TRY IT: Without changing a thing, reproduce the entire listing and leave out its pictures.

SOURCE MATERIAL:
■ ■ ■

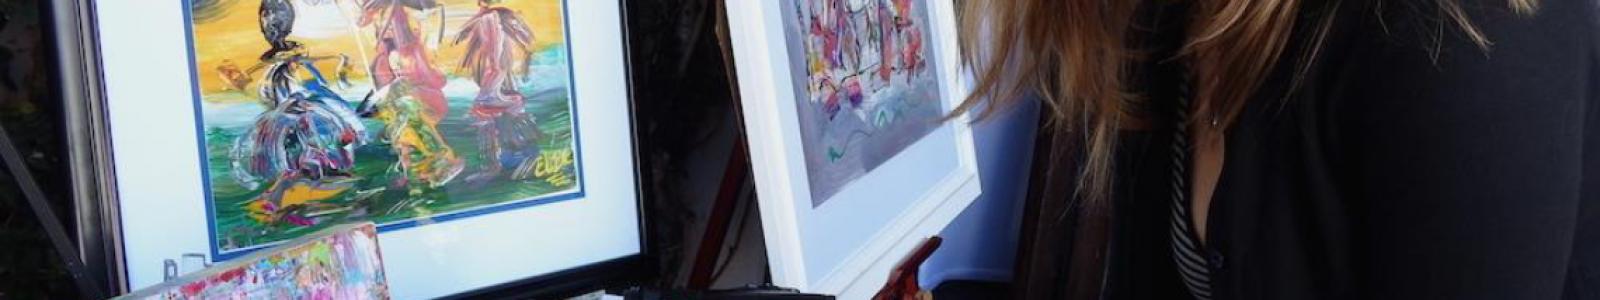 Gallery Painter Elbe Brave
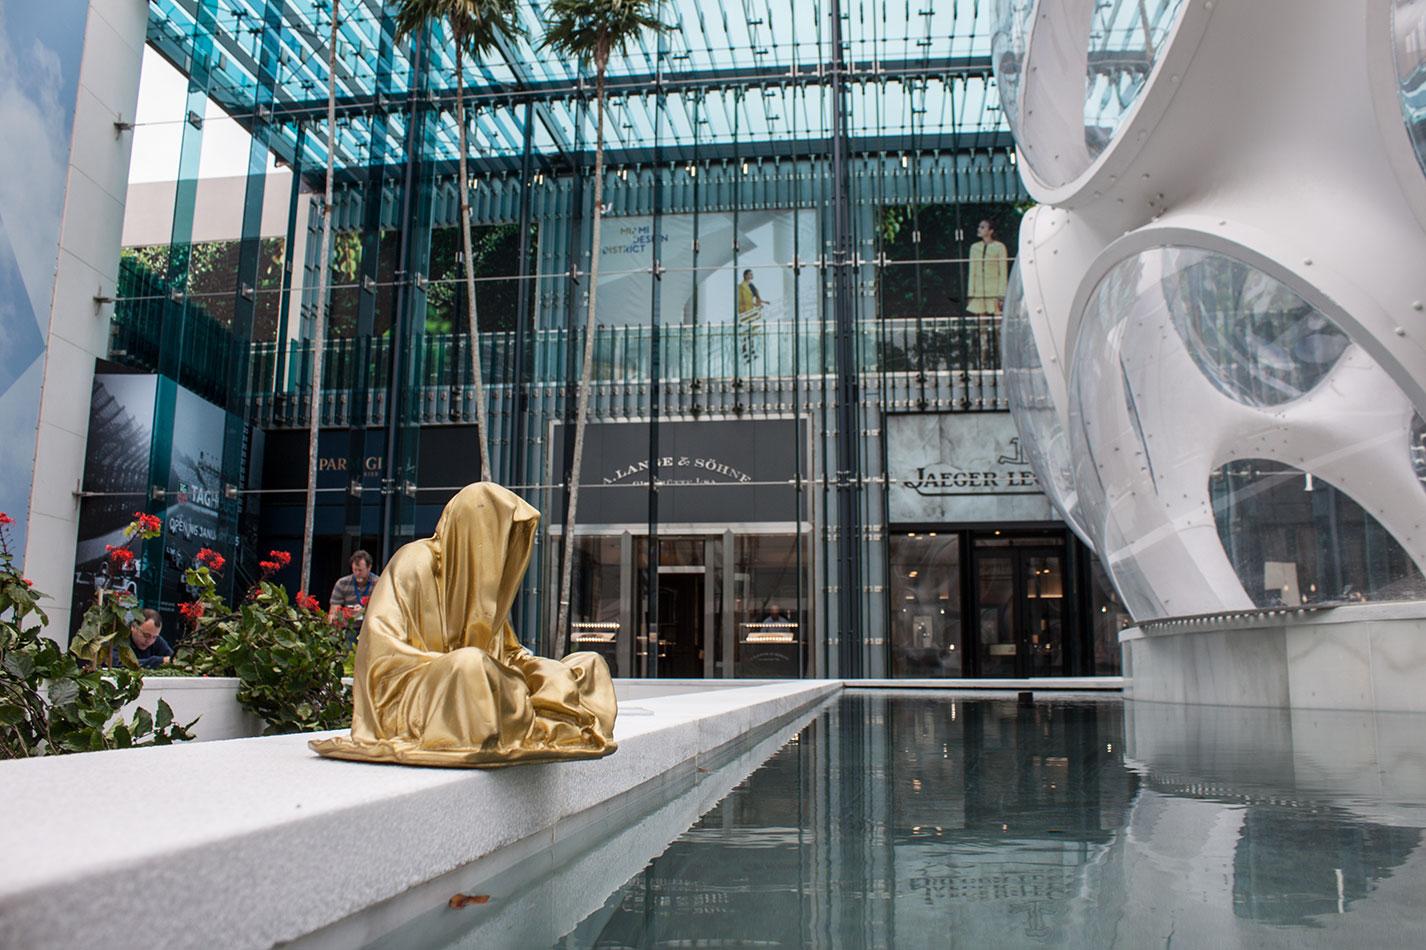 public-art-basel-miami-beach-fair-usa-florida-bass-museum-guardians-of-time-manfred-kili-kielnhofer-contemporary-fine-art-modern-arts-design-antiques-sculpture-6646
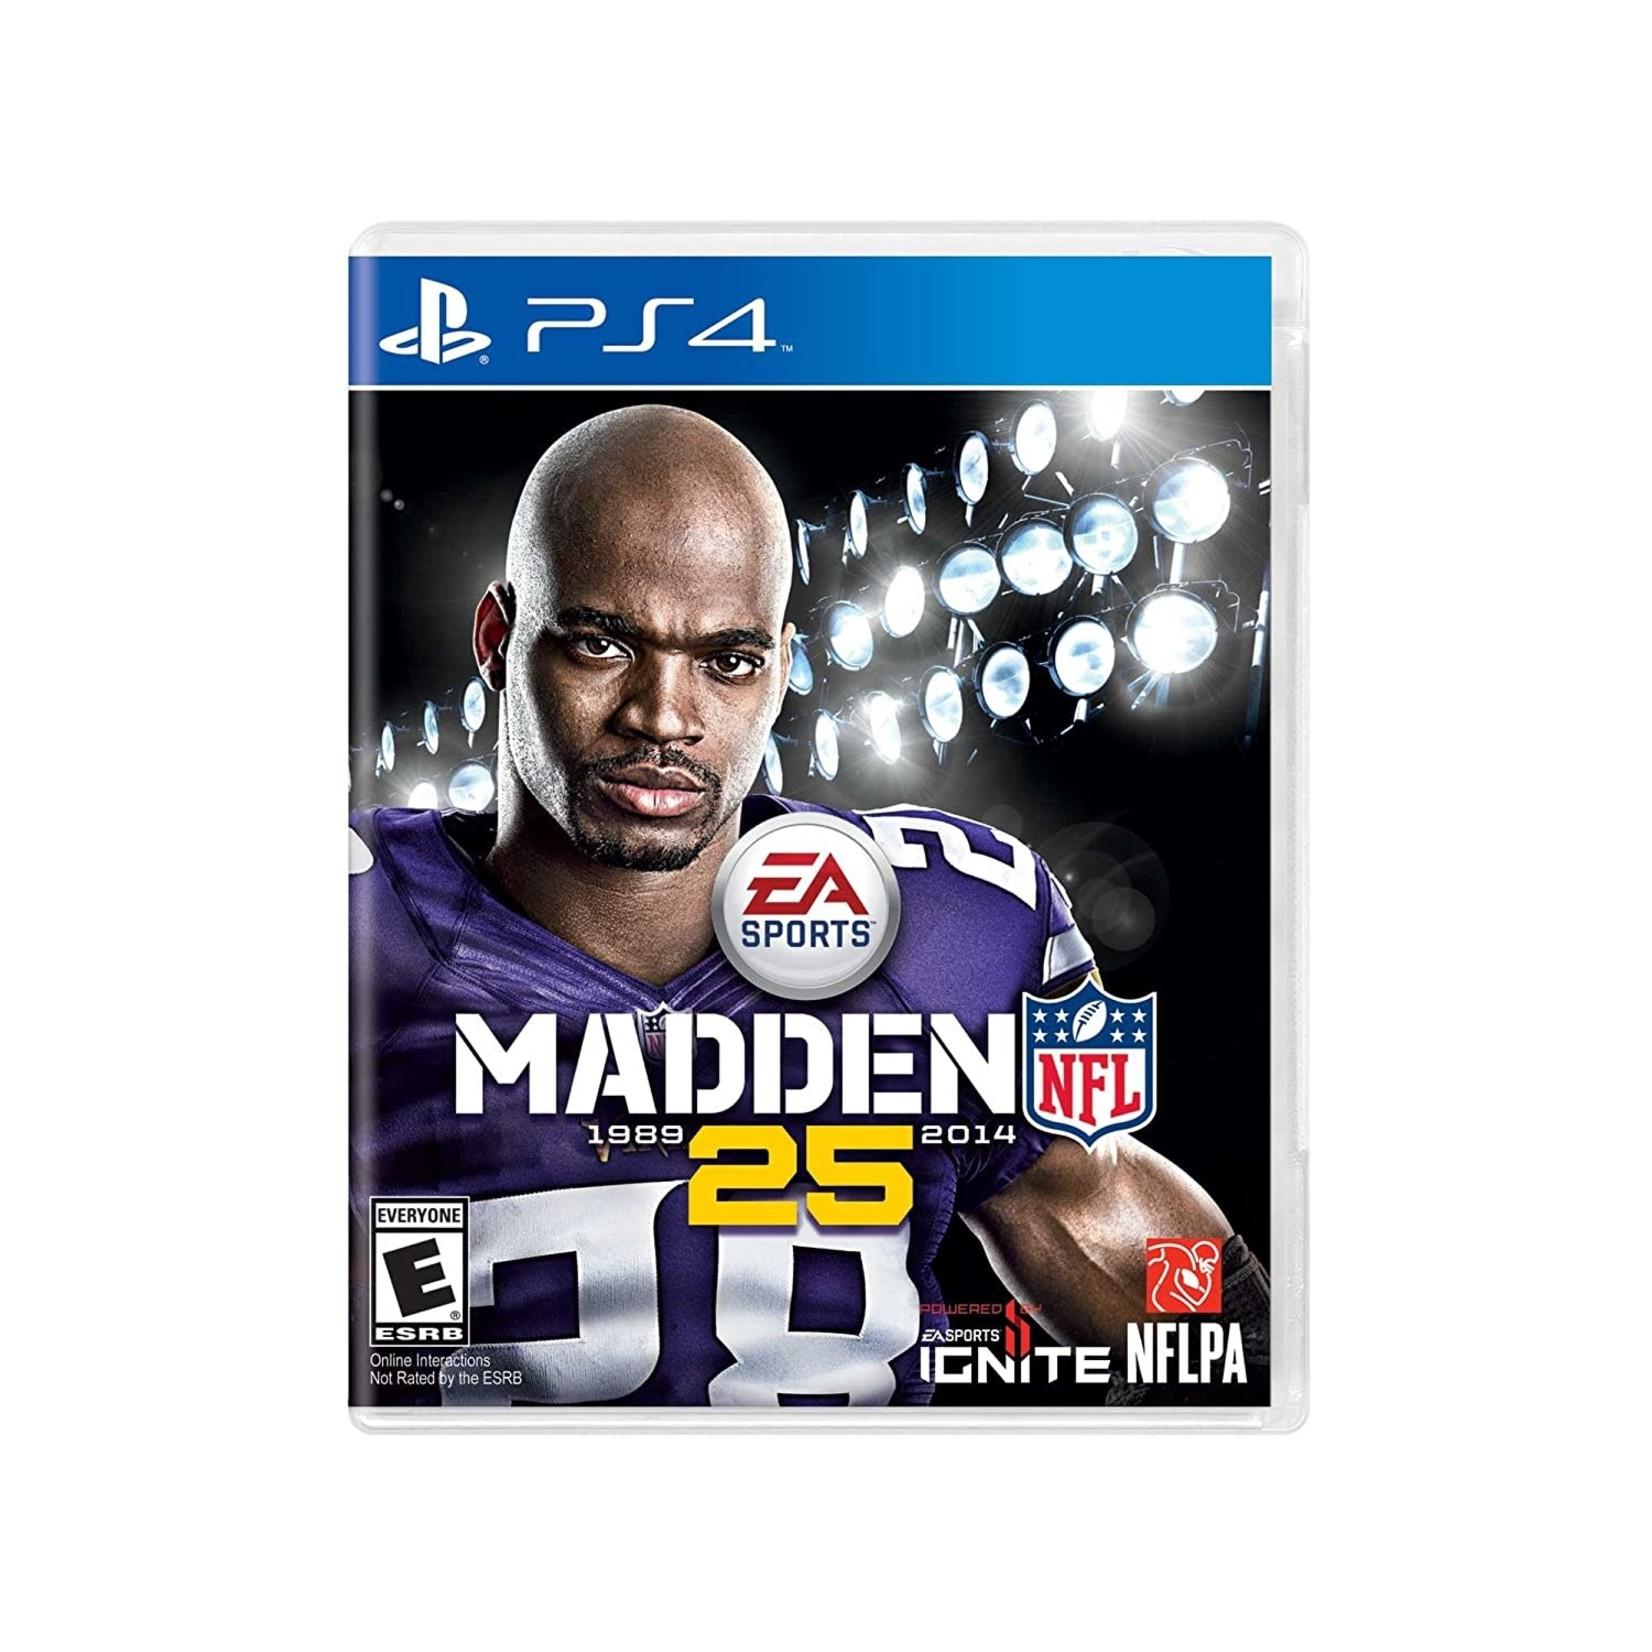 PS4U-Madden NFL 25

■ ■ ■

OUTPUT:
 Gallery Painter Elbe Brave
 public-art-basel-miami-beach-fair-usa-florida-bass-museum-guardians-of-time-manfred-kili-kielnhofer-contemporary-fine-art-modern-arts-design-antiques-sculpture-6646
 PS4U-Madden NFL 25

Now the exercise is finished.